- Title card
- Genre: Action, Fantasy, Drama, Romance, Horror, Comedy
- Created by: ABS-CBN Studios Francisco V. Coching
- Directed by: Wenn V. Deramas Trina N. Dayrit Erick C. Salud Dondon S. Santos Jerome C. Pobocan
- Starring: Matt Evans
- Opening theme: "Bitiw" by Sponge Cola
- Country of origin: Philippines
- Original language: Filipino
- No. of episodes: 33

Production
- Production locations: Balagtas and San Jose Del Monte, Bulacan
- Running time: 75 minutes

Original release
- Network: ABS-CBN
- Release: September 9, 2006 – April 28, 2007

Related
- Pedro Penduko at ang Mga Engkantao

= Da Adventures of Pedro Penduko =

Komiks Presents: Da Adventures of Pedro Penduko (lit. The Adventures of Pedro Penduko) is a Philippine television drama fantasy series broadcast by ABS-CBN. The series is the first installment of Komiks. Directed by Wenn V. Deramas, Trina N. Dayrit, Erick C. Salud, Dondon S. Santos, Jerome C. Pobocan, it stars Matt Evans in this role. It aired on the network's Saturday evening line up from September 9, 2006 to April 28, 2007, and was replaced by Pedro Penduko at ang Mga Engkantao.

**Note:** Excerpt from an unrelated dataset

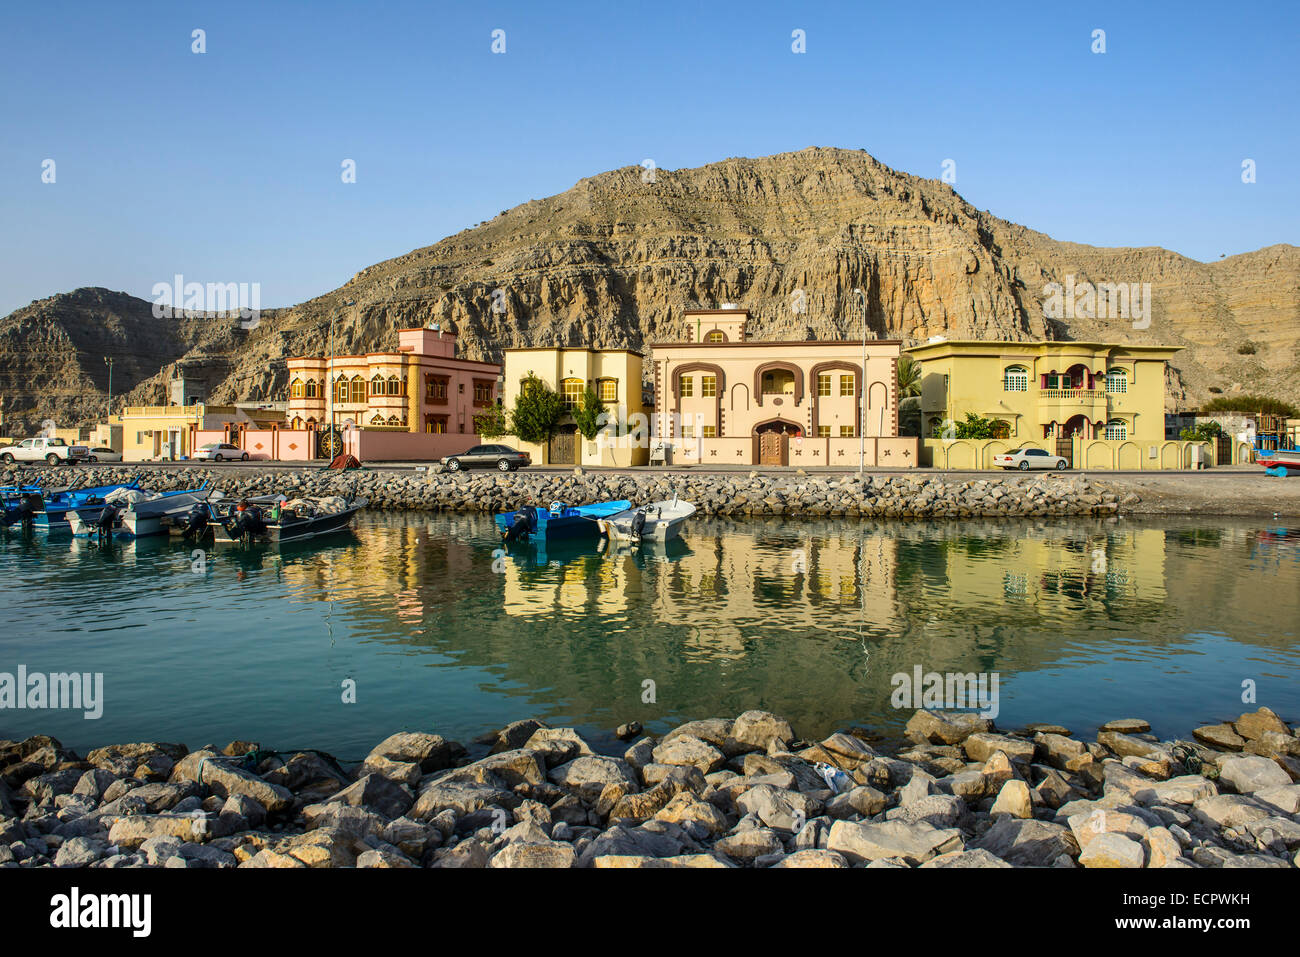 Case sull'acqua, Khasab, Musandam, Oman Immagini Stock

Unlike the stories in the first two seasons of Komiks, which were mostly presented in a single episode or at most in two episodes, Da Adventures of Pedro Penduko will span the entire third (and fourth) season of the series.

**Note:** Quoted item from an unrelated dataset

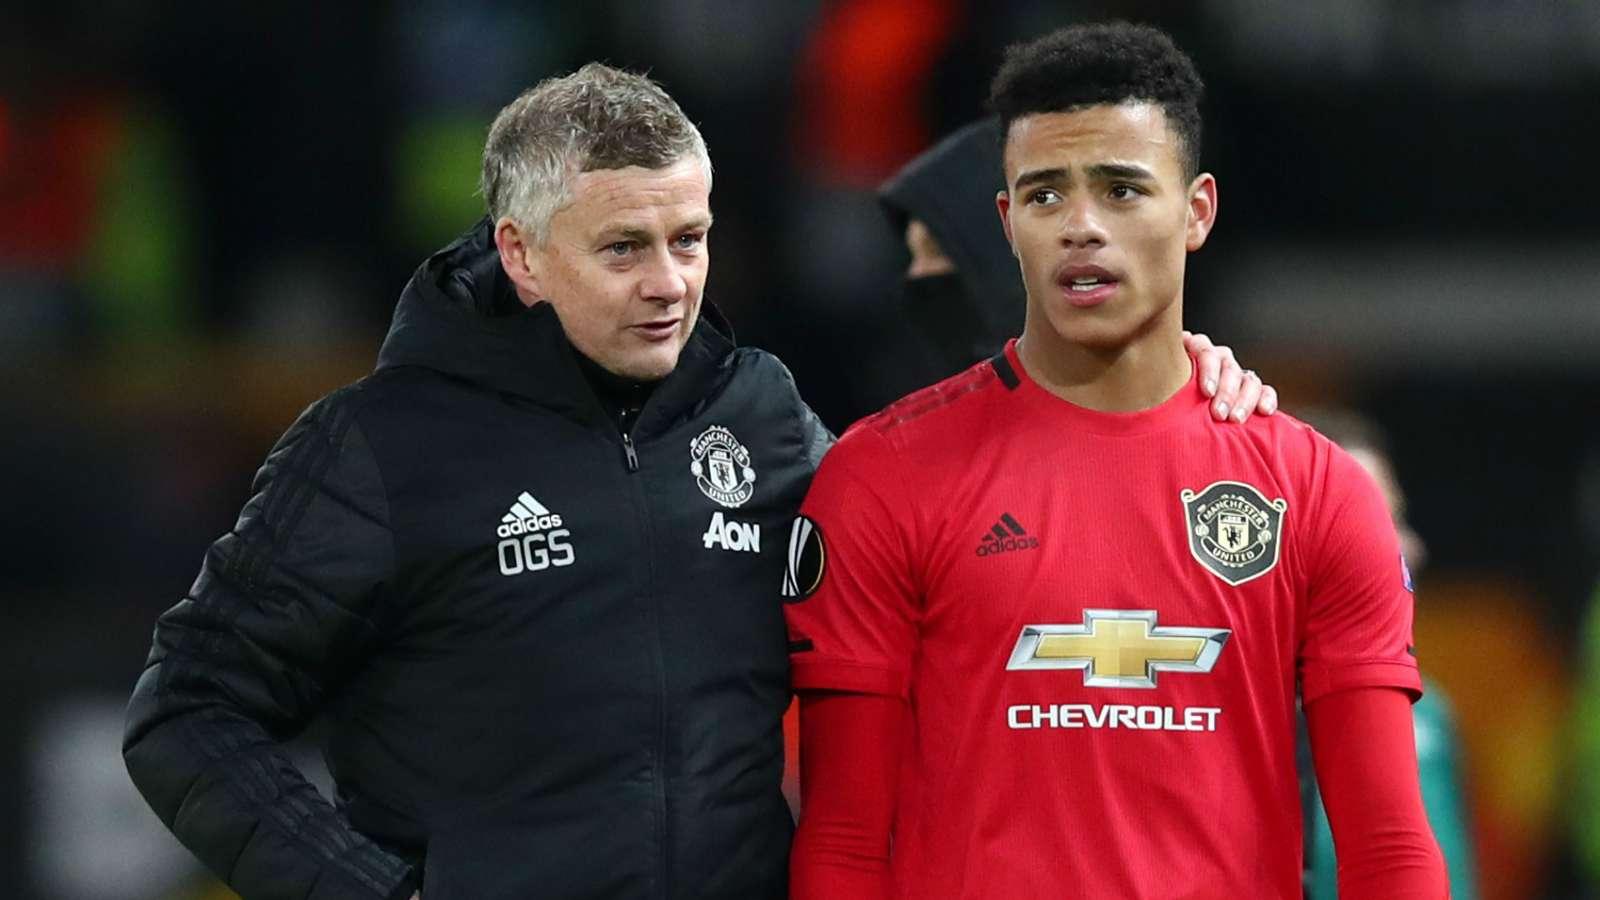 Ole Gunnar Solskjaer Mason Greenwood Manchester United 2019-20

This series is currently available on Jeepney TV's Youtube Channel

==The Komiks TV series version==
In Komiks: Da Adventures of Pedro Penduko, the ABS-CBN network re-introduces the stories of Pedro, with Matt Evans of Pinoy Big Brother: Teen Edition fame in the title role. Also in the cast are Albert Martinez, Agot Isidro, Melissa Ricks, Bembol Roco, TJ Trinidad, comedian Kitkat, Deejay Durano, Olyn Membian and Gloria Romero. The small screen story stays true to the original, but is given a new and more sophisticated look.

===Plot===
====The Missing Father====
Pedro remains a simple boy thrust into the world of superstition and mythical creatures. The oft-taunted klutz of his class embarks on a special voyage accompanied by his special ‘helpers’, and finds his self-confidence increasing as he passes each challenge in his quest to save his father. In order to do this, he has to have the power of the "mutya ng saging" and has now entered Floreshka to save his father. But as Pedro Penduko sets off on his mission, his introduction to the monsters begins when he faces off with Philippine mythology’s scariest creatures. The conflict arises when Hiyas, who is in love and has a secret relationship with the mortal Pedro, finds out that her father, Haring Haddi of Floreshka, has entered into a peace treaty which states that there will only be peace and unity between the Floreshklans and Dalaketnons if Hiyas marries Napoleon. Hiyas refuses to comply as she is very much in love with Pedro. She also hates Napoleon because of his attitude, although the latter promises to change for the better if only Hiyas would fall in love with him.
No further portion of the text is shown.